DIRECTIONS FOR THIS TASK.
An exact transcription of the listing, without its images, is what the answer must contain.

EXERCISE DATA.

────────

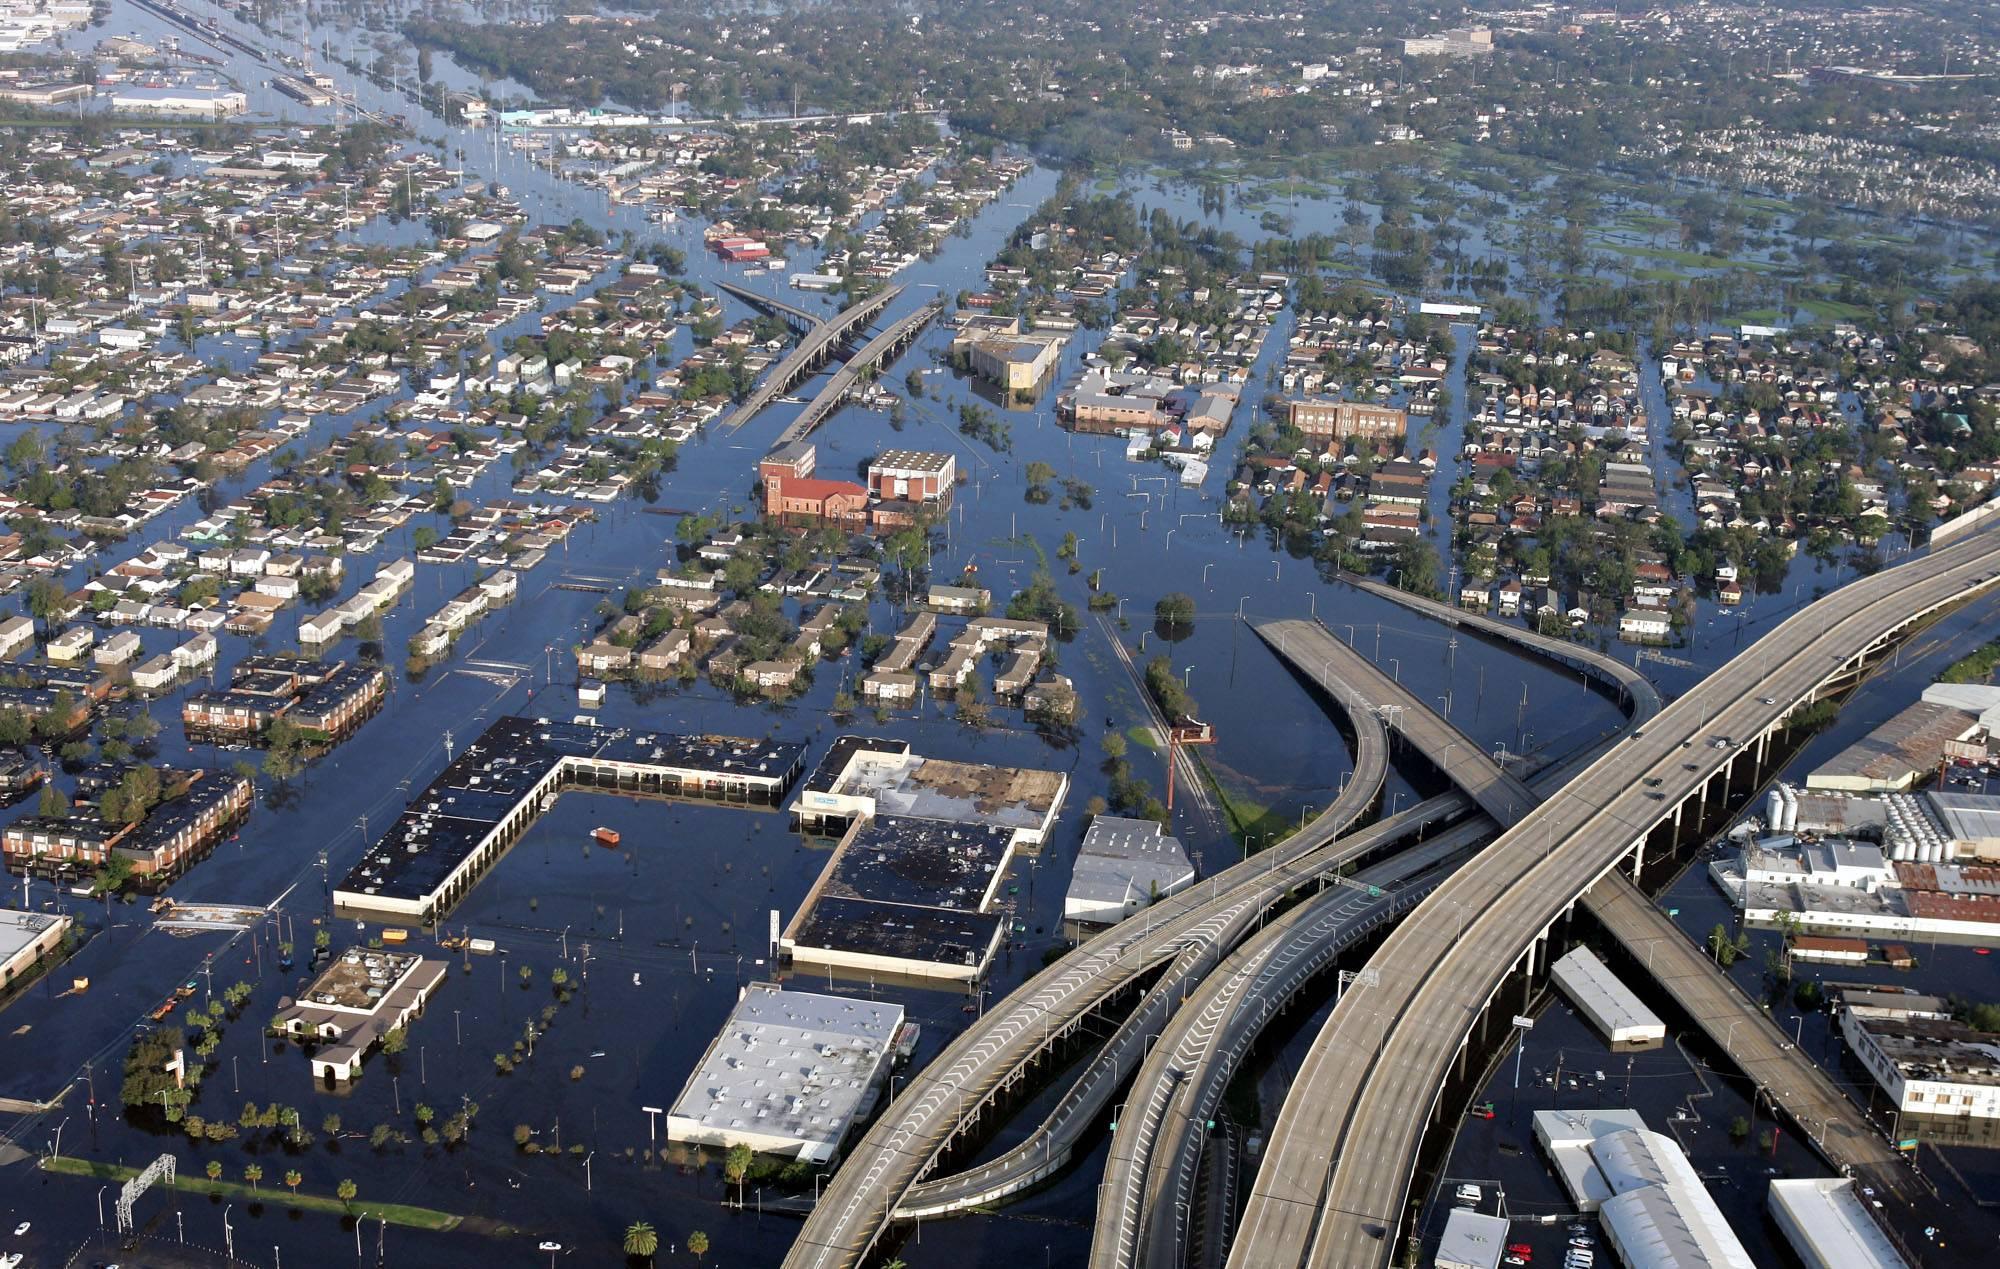 hurricane katrina development and devastation //wwwchroncom/news/houston-texas/article/katrina-devastation-not-unrivaled-analysis development, hurricane katrina devastation wrought by katrina.
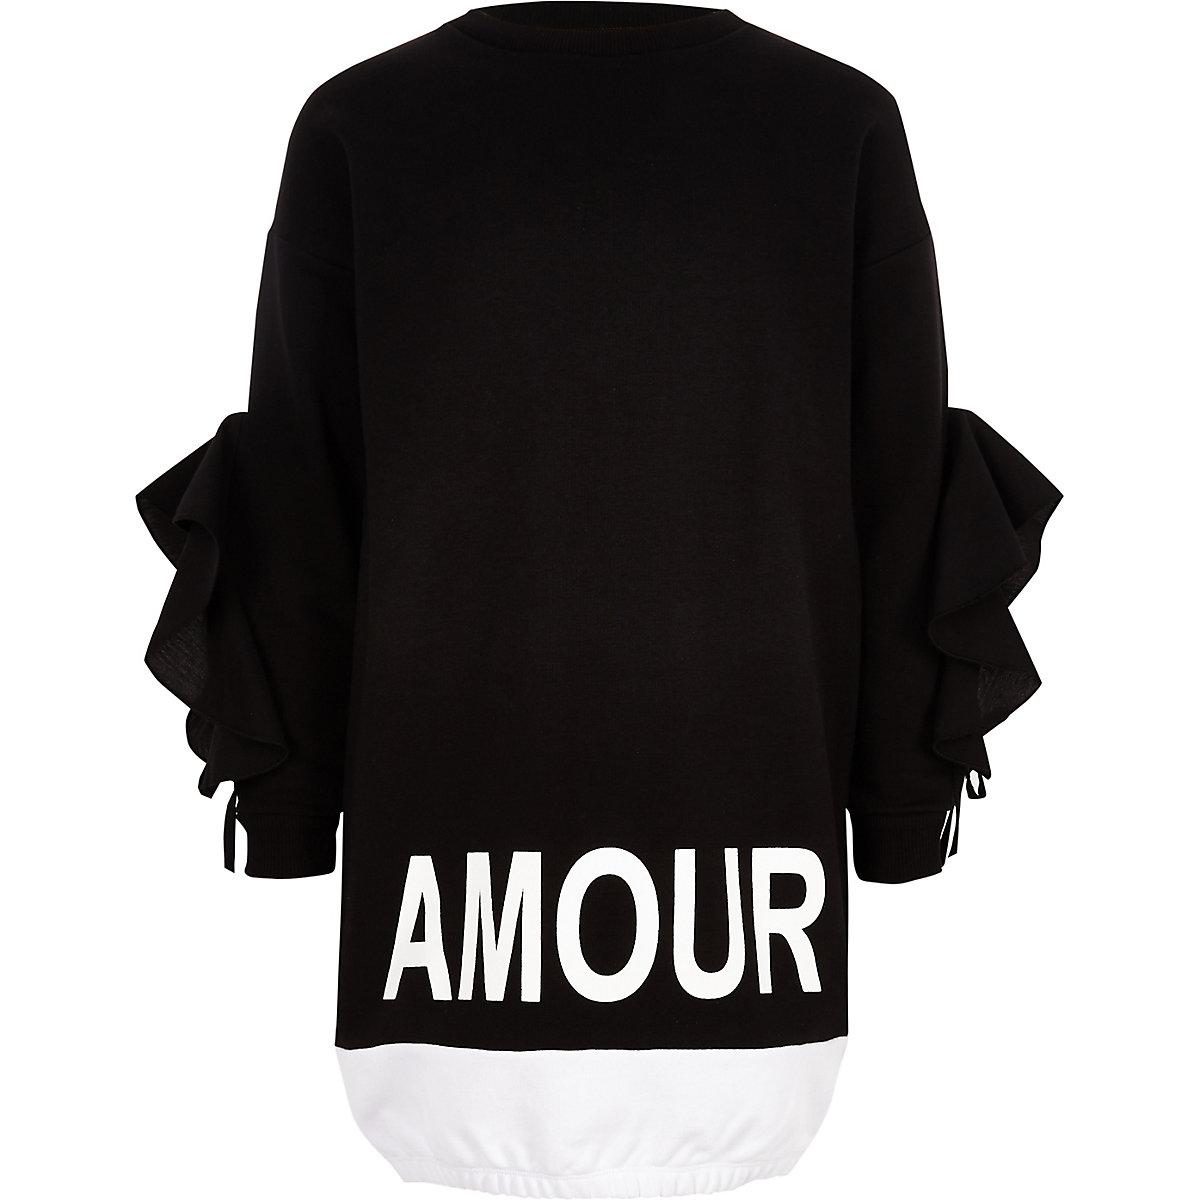 Girls black 'amour' print sweatshirt dress
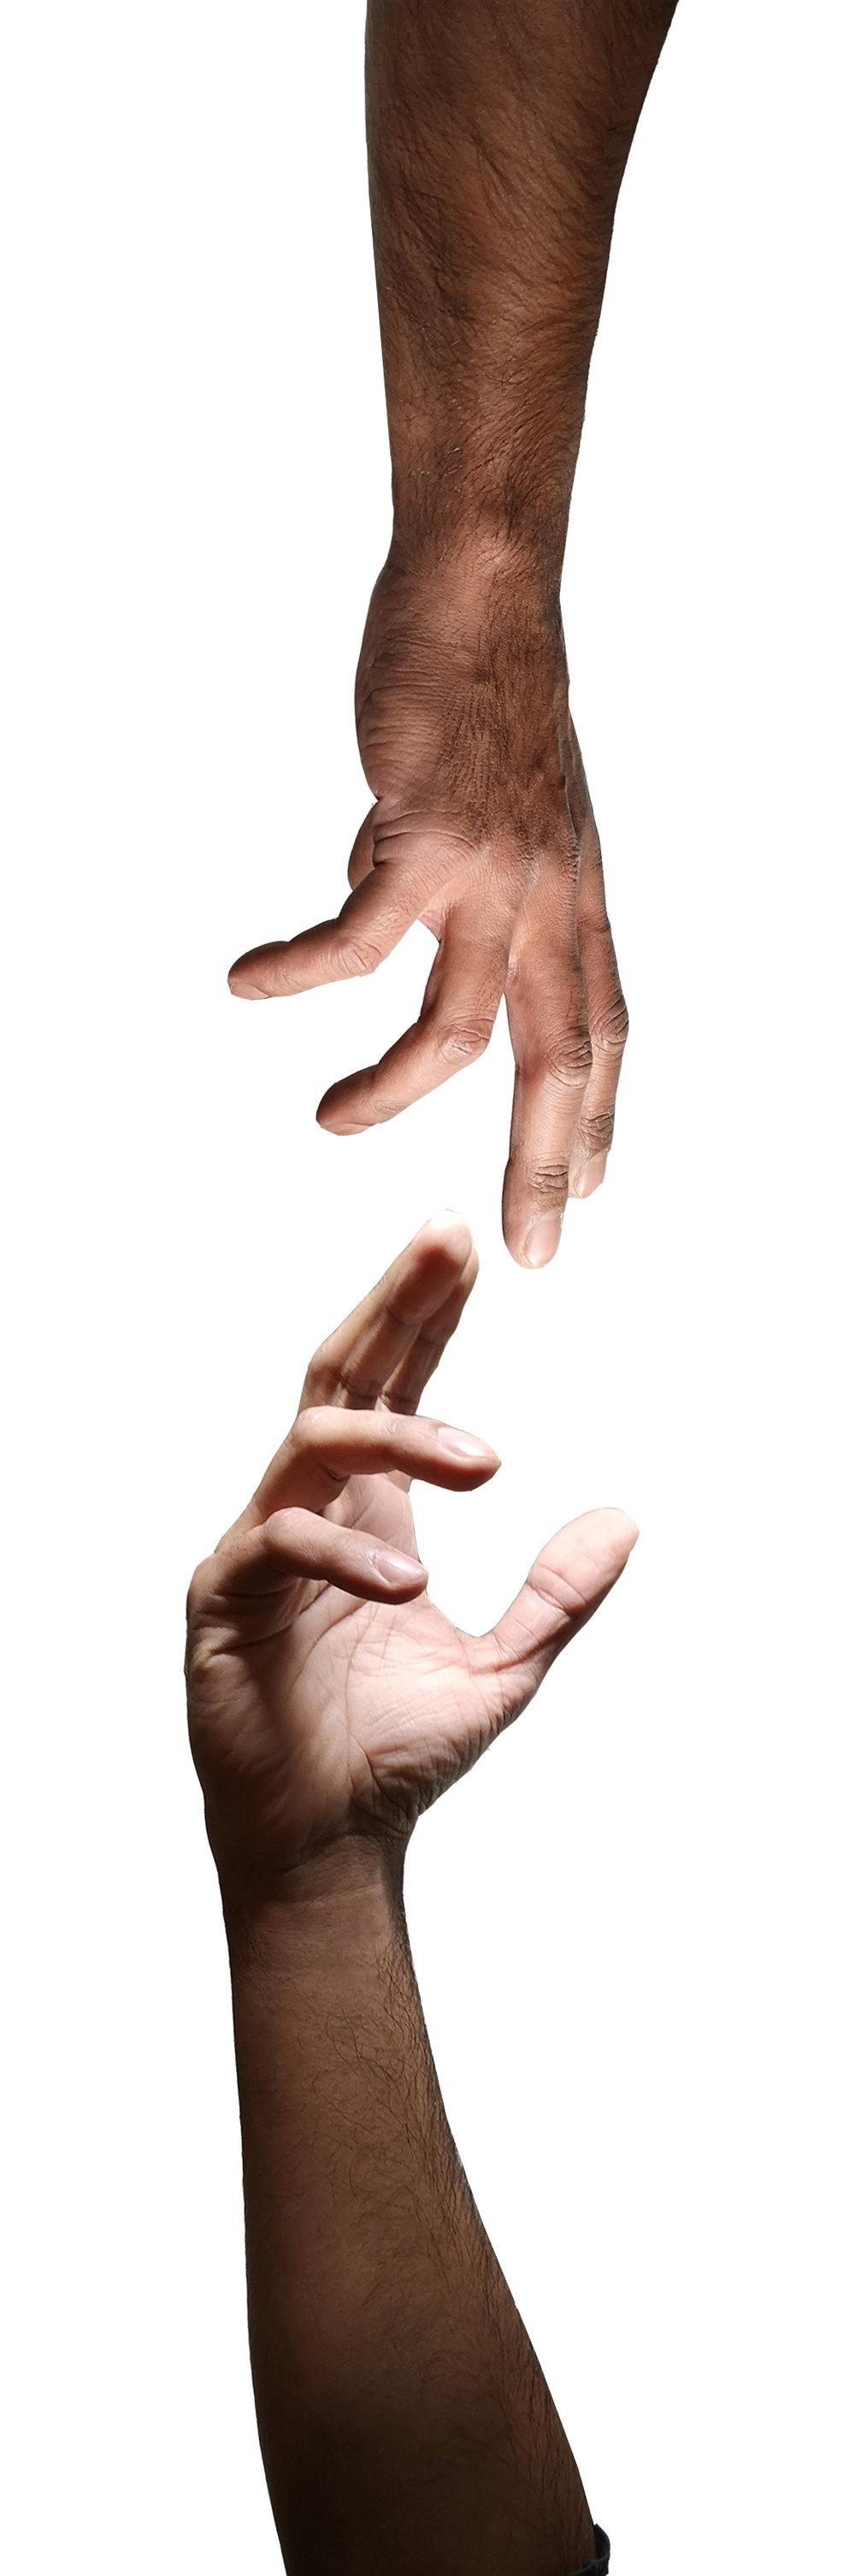 reaching hands crop.jpg
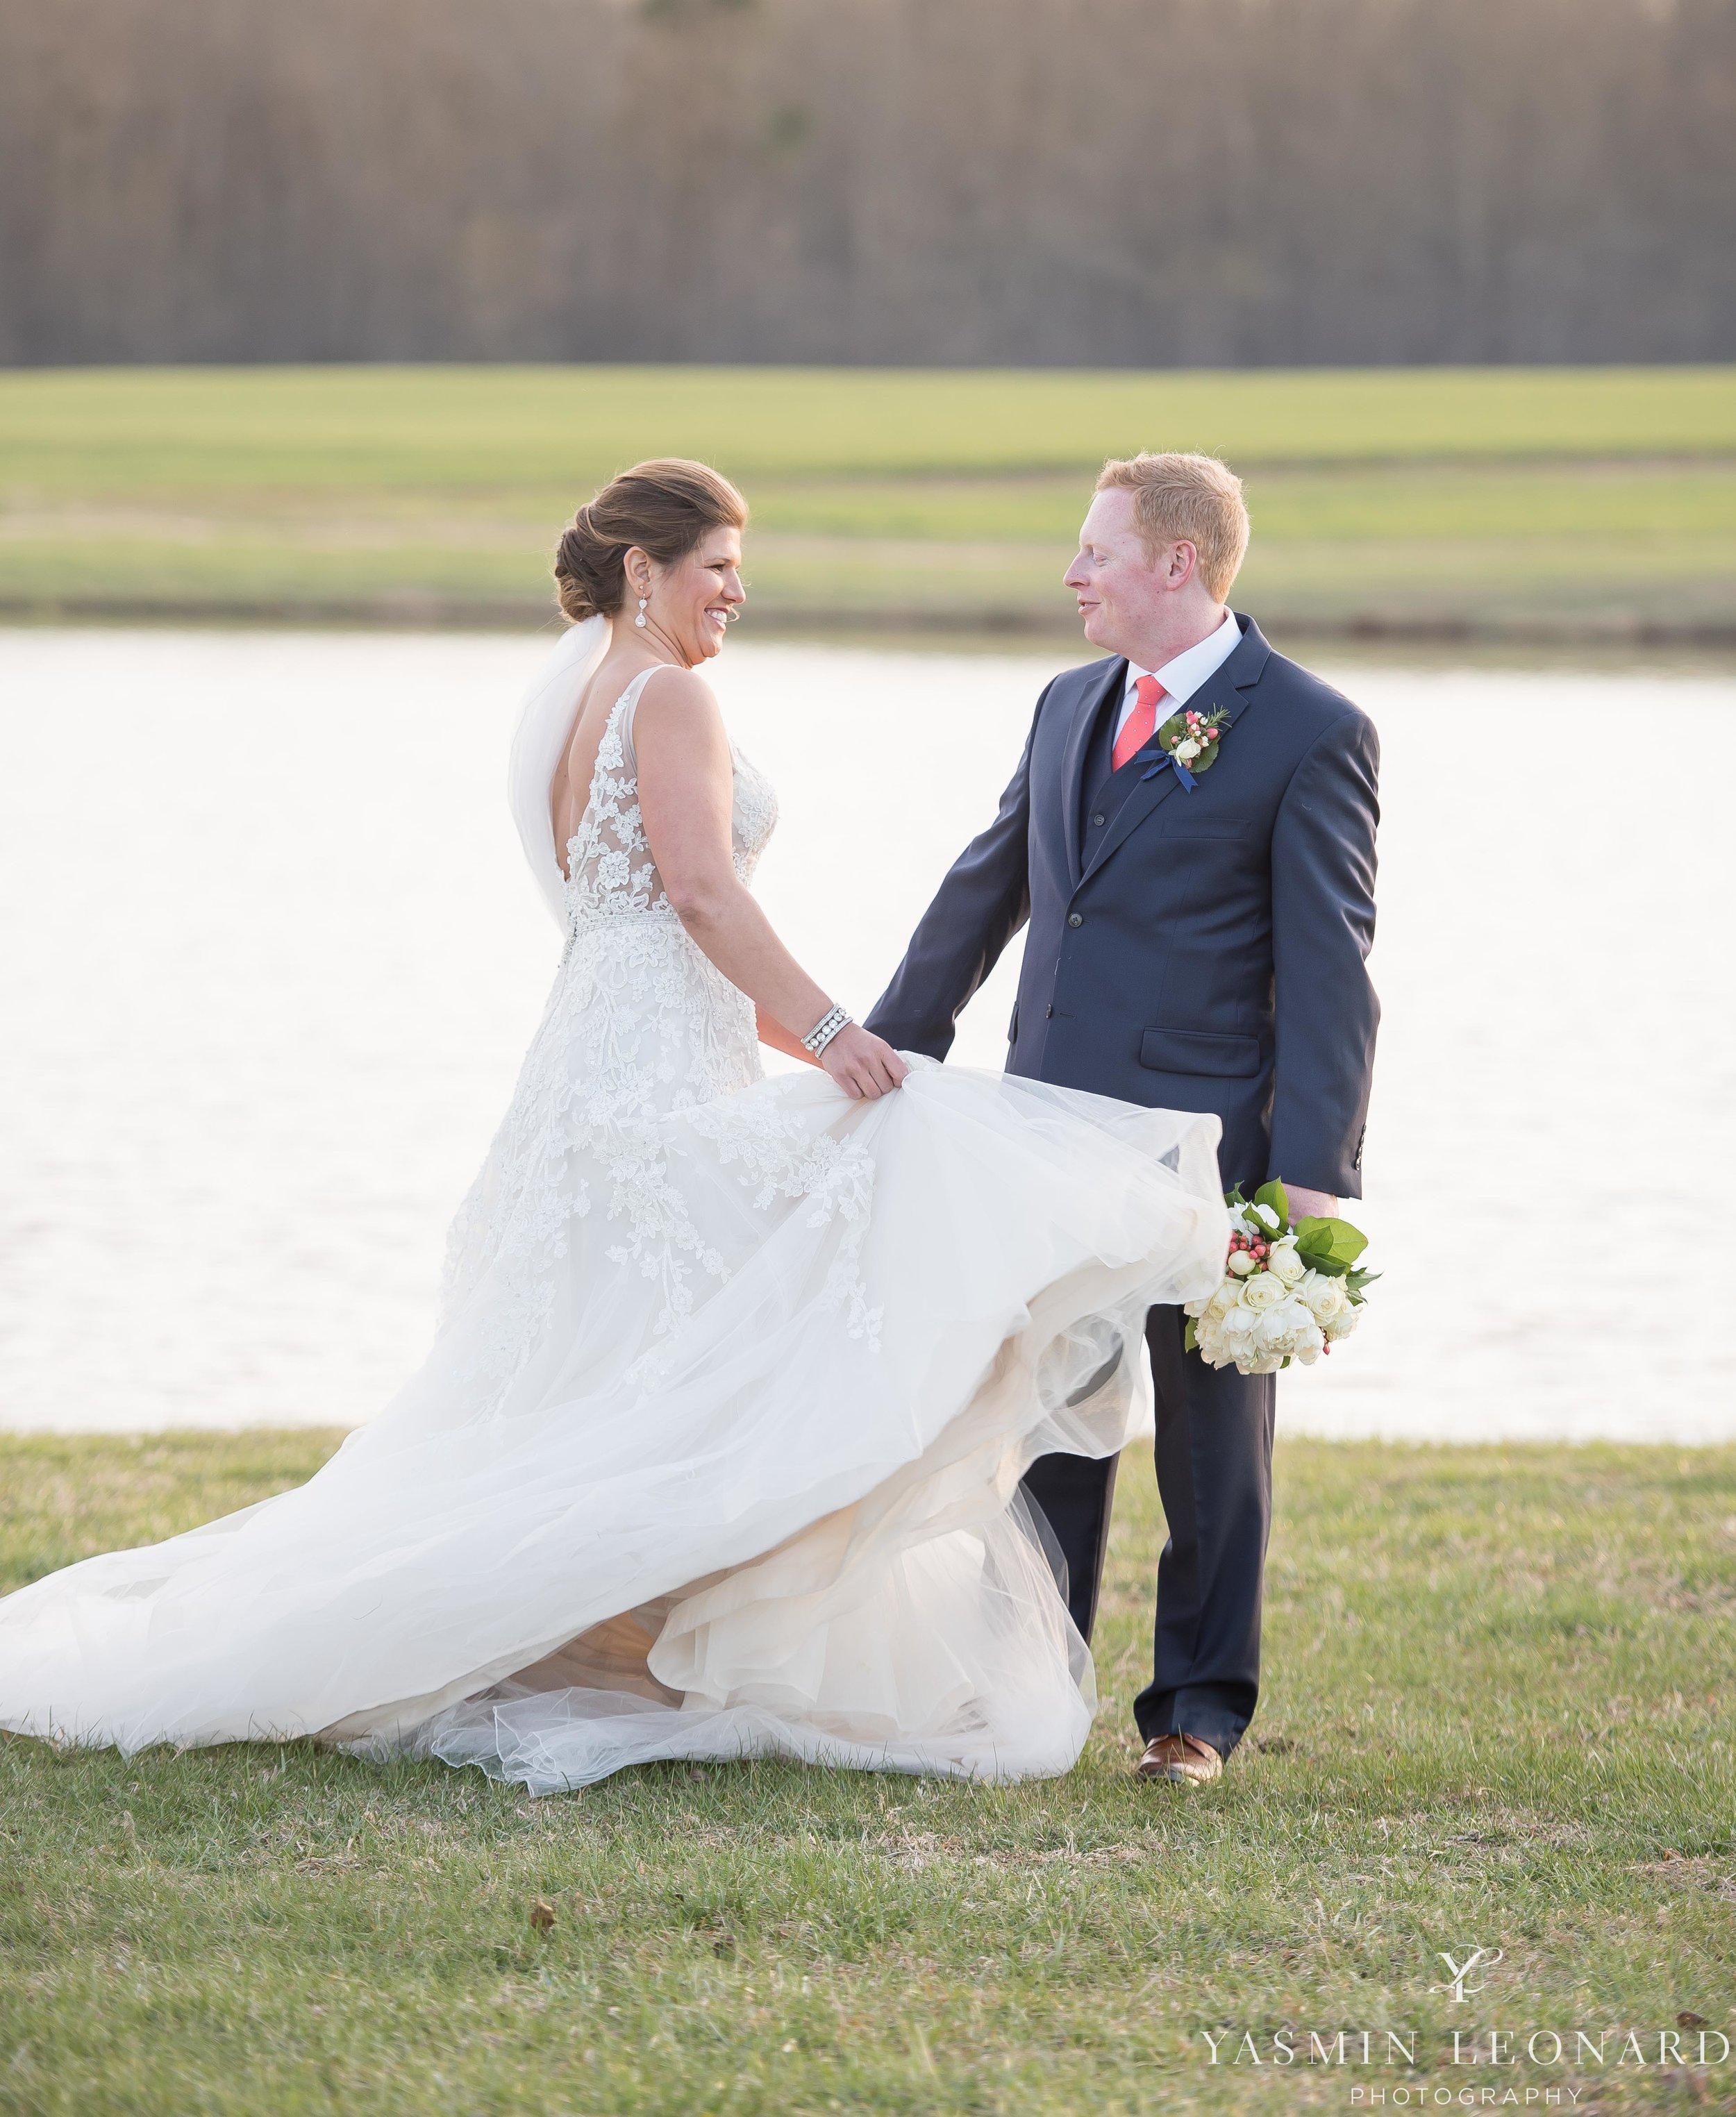 Adaumont Farm - Adaumont Farm Weddings - Trinity Weddings - NC Weddings - Yasmin Leonard Photography-46.jpg

────────

PROBLEM SOLUTION.
 hurricane katrina development and devastation //wwwchroncom/news/houston-texas/article/katrina-devastation-not-unrivaled-analysis development, hurricane katrina devastation wrought by katrina.
 Girls black 'amour' print sweatshirt dress
 reaching hands crop.jpg
 Adaumont Farm - Adaumont Farm Weddings - Trinity Weddings - NC Weddings - Yasmin Leonard Photography-46.jpg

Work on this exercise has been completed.